It took me awhile, but I now pay for lessons, it'll be about $1300 this year. A friend keeps pointing out great deals on kijiji for R8s and CS Strats and I'm just not there... I know I'm better off getting 3 more years of lessons then I am buying a $4000 guitar. I think my teacher is better off too for that matter..


----------



## RickKotzen (Jan 12, 2018)

GetRhythm said:


> I know a lot of players who would gladly spend $2,500 on another guitar but they won't spend $60 to attend a skills workshop to actually learn something new!


This!
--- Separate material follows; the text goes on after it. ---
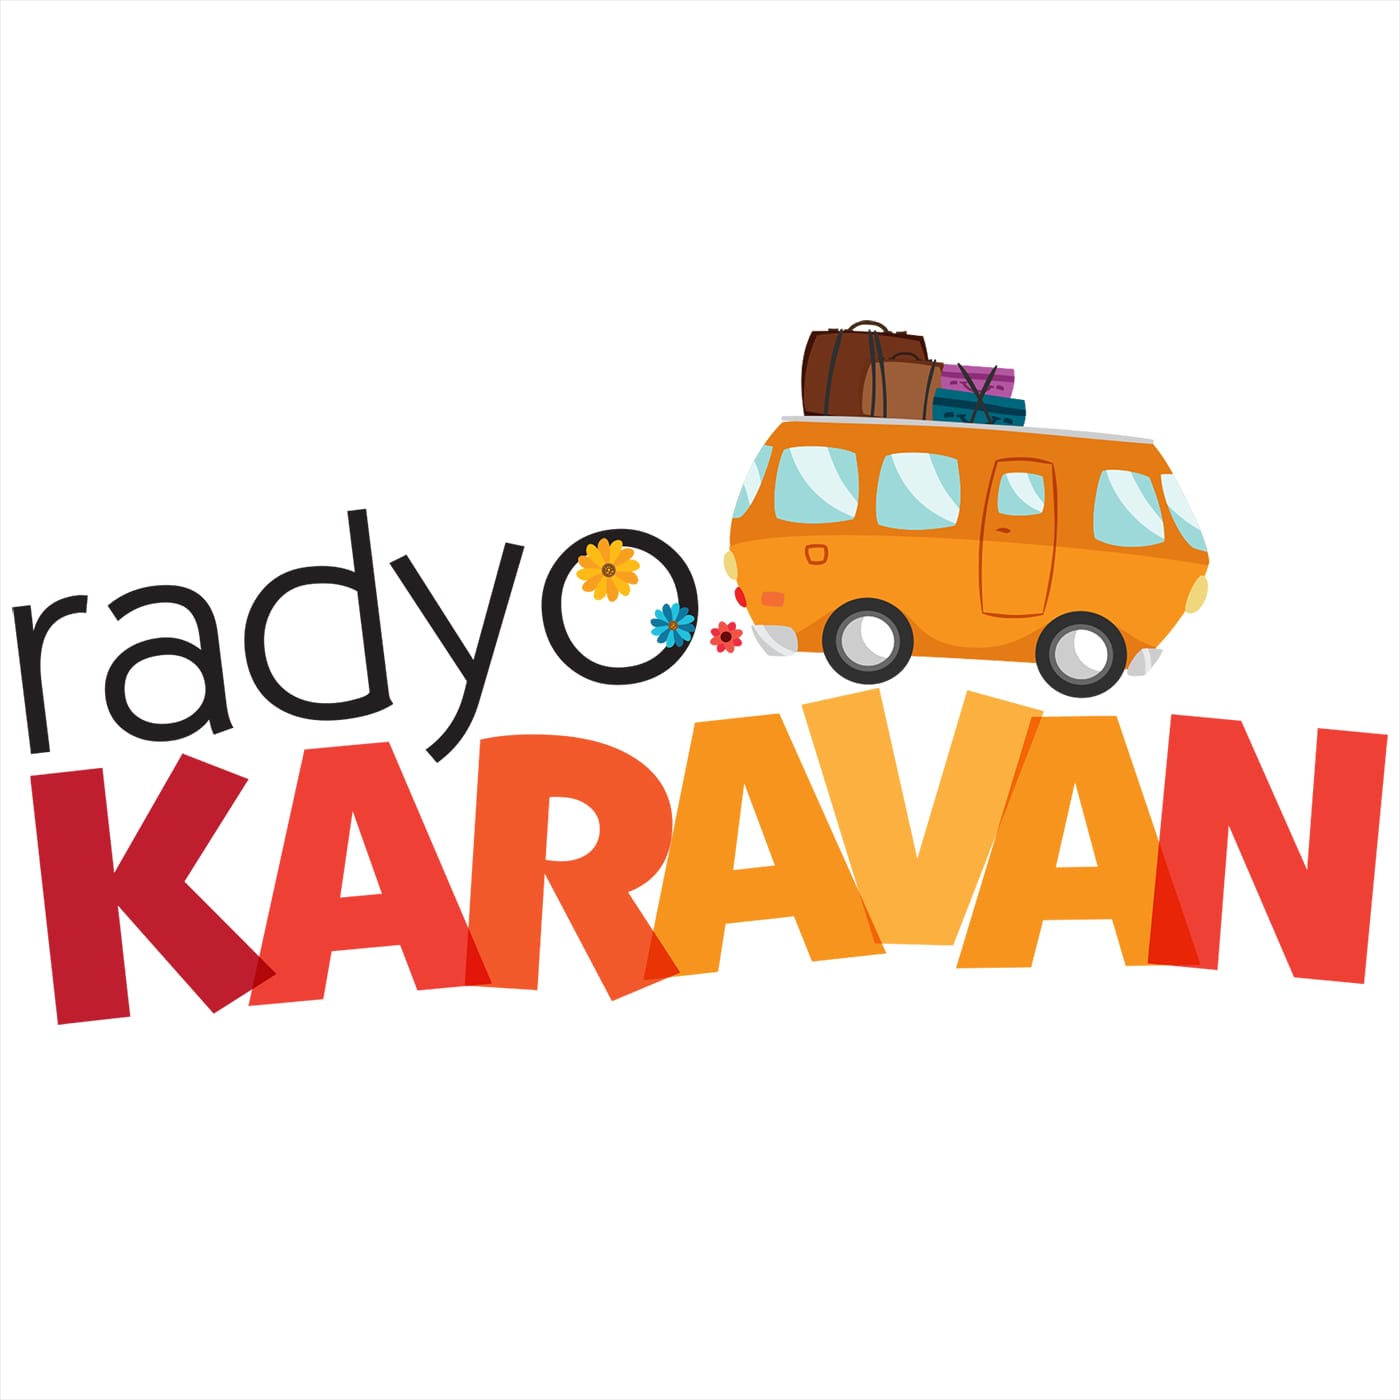 Radyo Karavan

What drives me crazy is when these guys talk like “pros” because somehow they feel like they’re allowed to just because they own pro (expensive/boutique) gear. I know a guy that has probably 2K$ in his pedalboard who isn’t able to play more than a few chords and acts like a rockstar. 
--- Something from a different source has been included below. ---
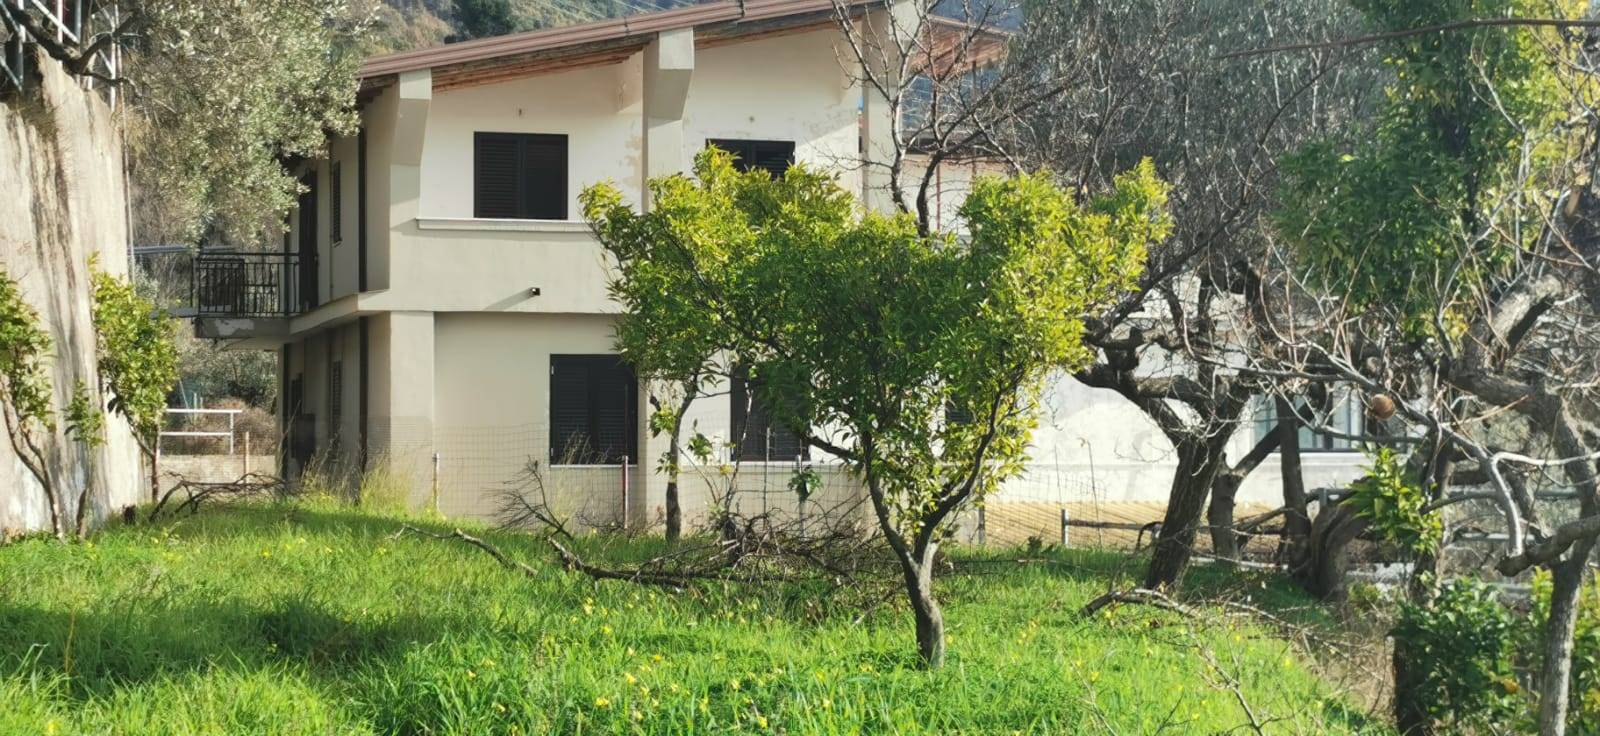 Villa abitabile in zona Ogliara a Salerno

Funny story... this same guy once got in trouble trying to figure out a jazz song, due to the “complex chords”. So, while he was playing, I could hear him saying: - Damn, I hate jazz! That was my moment of satisfaction!


----------



## vadsy (Dec 2, 2010)

RickKotzen said:


> I could hear him saying: - Damn, I hate jazz!


totally normal thing,., as proven by this clip, even God hates jazz


----------



## John Fisher (Aug 6, 2017)

I bought a Peavey Spyder for 50 bucks. It is in the sun room, so if I dont want to drag myself downstairs and power everything up I can just play around. Best 50 bucks I ever spent, plus I play more because it is a faster plug and play system for me


----------



## Michael Baker (Jan 23, 2019)

As a player for almost 50 (gasp) years I have never had time for so-called musicians who have more money than talent.
Or are slaves to the latest "in" product or gadget. Or "famous names" instruments (why is Gibbon's Les Paul more than Lifeson's)
If you look at the history of any respected and acknowledged player, they all started on inexpensive (sometimes cheap) instruments and amps.
And changing tastes come and go - I still can't get over that Fender released "Silverfaced" amps as classics. even back in the dim past owning a "CBS" Fender amp was a real faux pas. My first amp was a Silvertone - apologetically a tube amp. Brian May still has the homemade guitar he has always had. The Edge played Danelectro, Jack White with Res-o-Glass Airlines, guitars that hung for years in pawnshops are now desired collectibles. But they were cheap until recently - even Les Pauls were cheap at one time.
Don't scrimp on your main tools. While there are some good inexpensive guitars and amps, it is worth the cost to go up to a better guitar if you can. It will help you in the long run.
By a nice simple amp, used is good. Buy a single channel if you can bet a better build. (While Deluxe Reverbs are nice - a Princeton gets you 90%)
Some of the best guitarist never had a pedalboard, maybe a wah and a fuzz/drive. 
I always agreed with 'simple is better."
And enjoy. I haven't been in a regular band for sometime yet I still try new songs and still learn. It isn't about what you have, it is about what you do with what you have. I'd love to own a Porsche 912 but I don't. I'd love to own a Gibson L-5 or Super 400, but I can't justify that cost. I play with a group of musicians and all of us have wonderful instruments. Some are vintage, others newer. But it is always about the music.
Long post but it comes down to what you like, what you enjoy. It gets complicated if you work for money, but essentially it is your skill that uses your tools.


----------



## Budda (May 29, 2007)

RickKotzen said:


> This! What drives me crazy is when these guys talk like “pros” because somehow they feel like they’re allowed to just because they own pro (expensive/boutique) gear. I know a guy that has probably 2K$ in his pedalboard who isn’t able to play more than a few chords and acts like a rockstar.
> 
> Funny story... this same guy once got in trouble trying to figure out a jazz song, due to the “complex chords”. So, while he was playing, I could hear him saying: - Damn, I hate jazz! That was my moment of satisfaction!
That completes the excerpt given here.